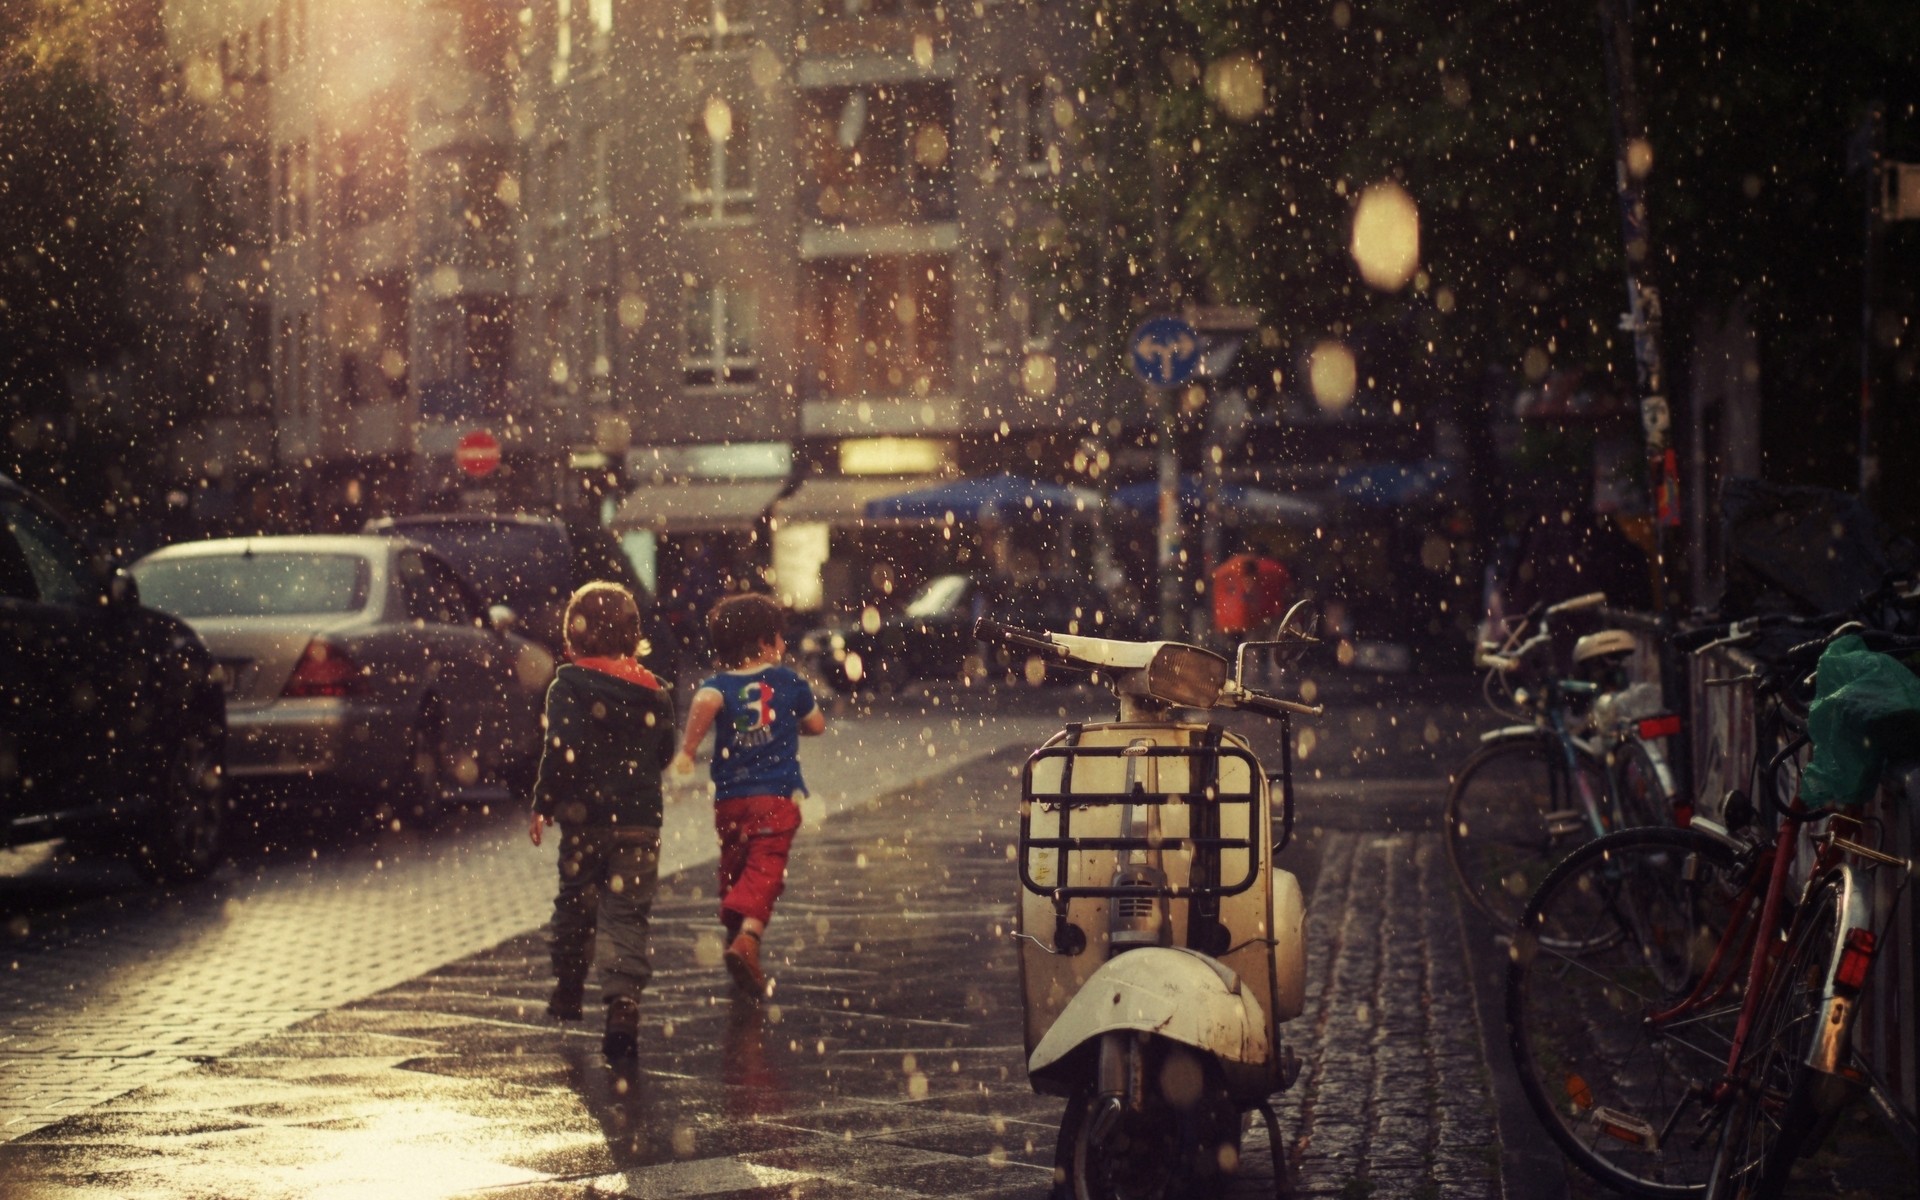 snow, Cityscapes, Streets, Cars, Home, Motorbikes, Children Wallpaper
□ □ □ □ □ □ □
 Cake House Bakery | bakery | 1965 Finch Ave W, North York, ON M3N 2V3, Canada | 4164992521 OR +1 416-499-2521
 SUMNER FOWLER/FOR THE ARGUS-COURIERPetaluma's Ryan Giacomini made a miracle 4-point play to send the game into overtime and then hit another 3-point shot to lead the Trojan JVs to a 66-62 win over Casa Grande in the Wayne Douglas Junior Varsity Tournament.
□ □ □ □ □ □ □
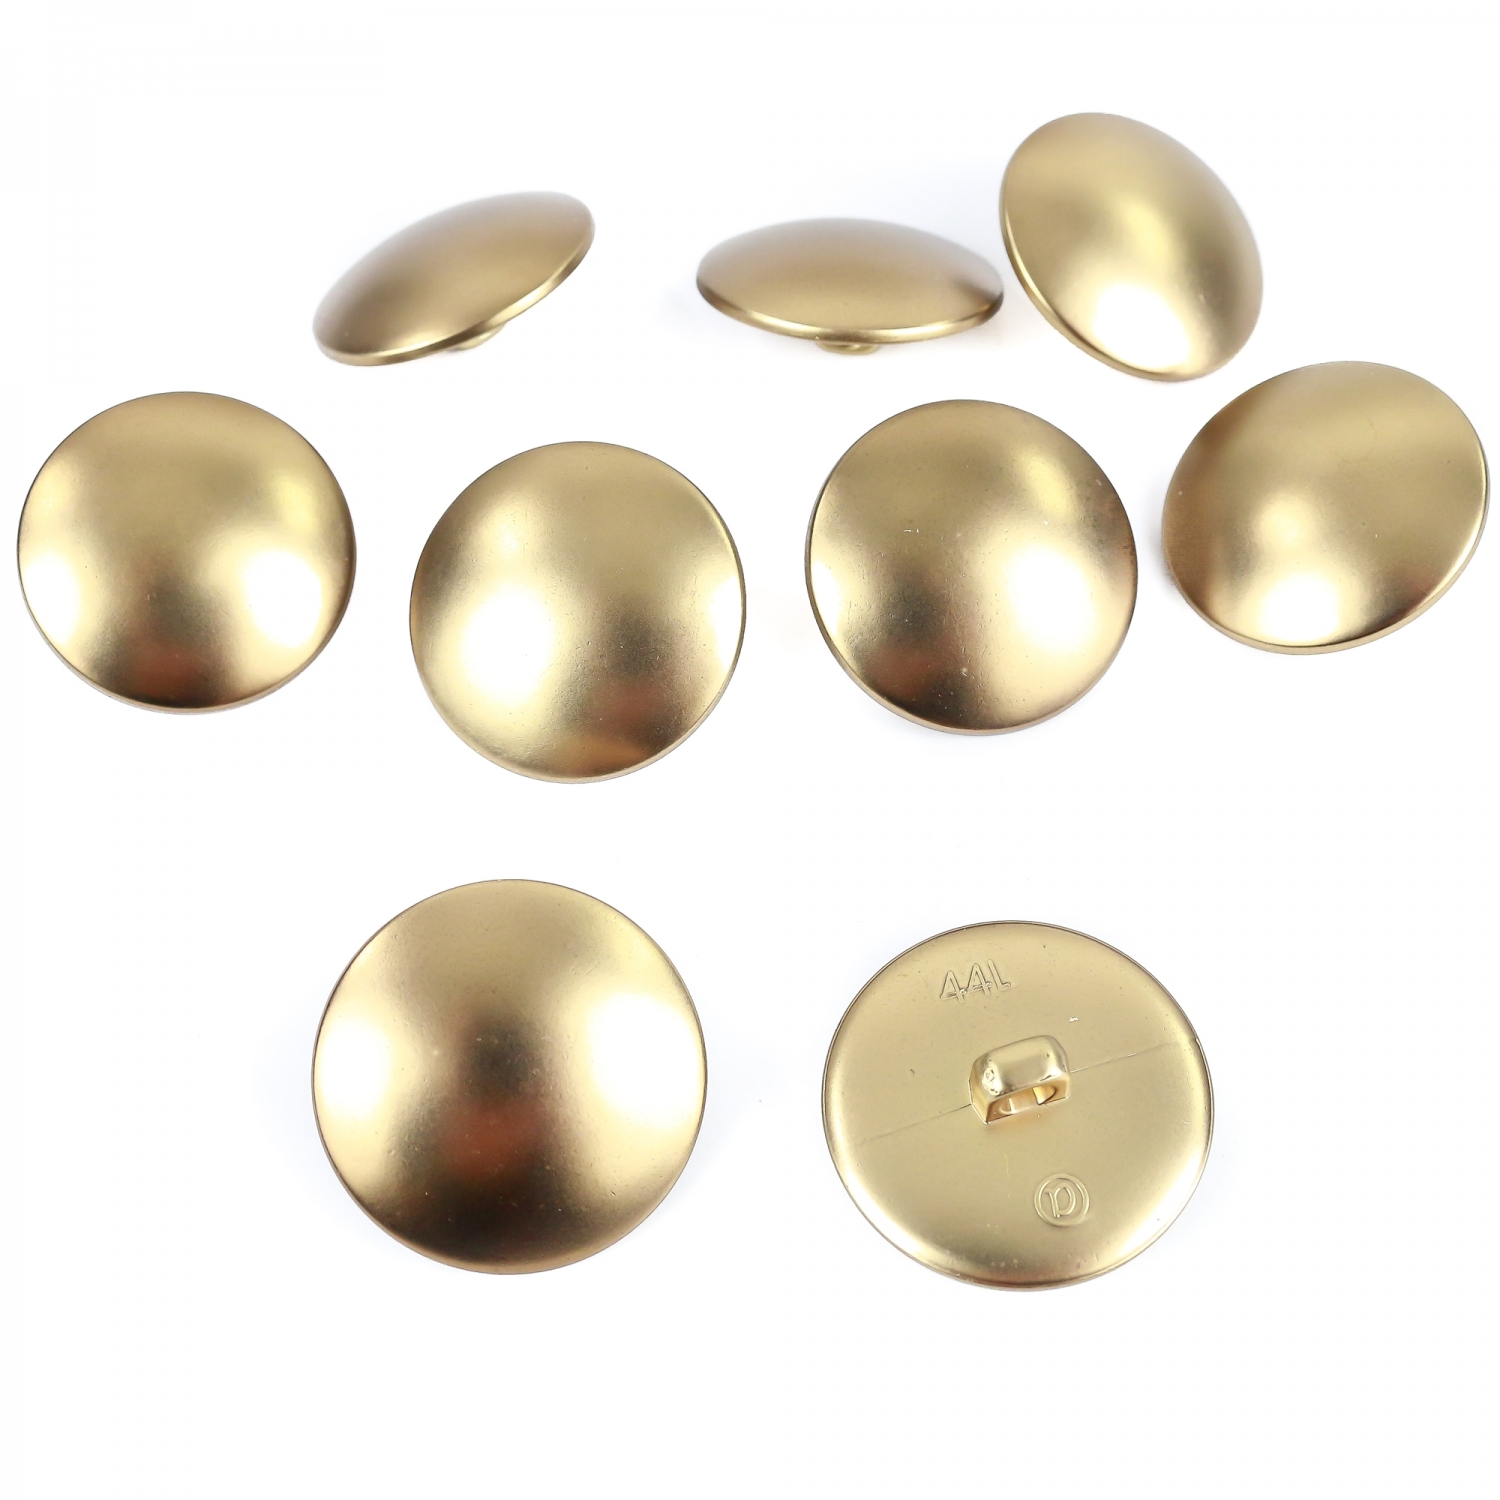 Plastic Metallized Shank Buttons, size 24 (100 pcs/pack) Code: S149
□ □ □ □ □ □ □
All lines above from the one with "Cake House Bakery" to the one with "SUMNER FOWLER/FOR THE", inclusive, should be copied exactly, and no other lines.

 Cake House Bakery | bakery | 1965 Finch Ave W, North York, ON M3N 2V3, Canada | 4164992521 OR +1 416-499-2521
 SUMNER FOWLER/FOR THE ARGUS-COURIERPetaluma's Ryan Giacomini made a miracle 4-point play to send the game into overtime and then hit another 3-point shot to lead the Trojan JVs to a 66-62 win over Casa Grande in the Wayne Douglas Junior Varsity Tournament.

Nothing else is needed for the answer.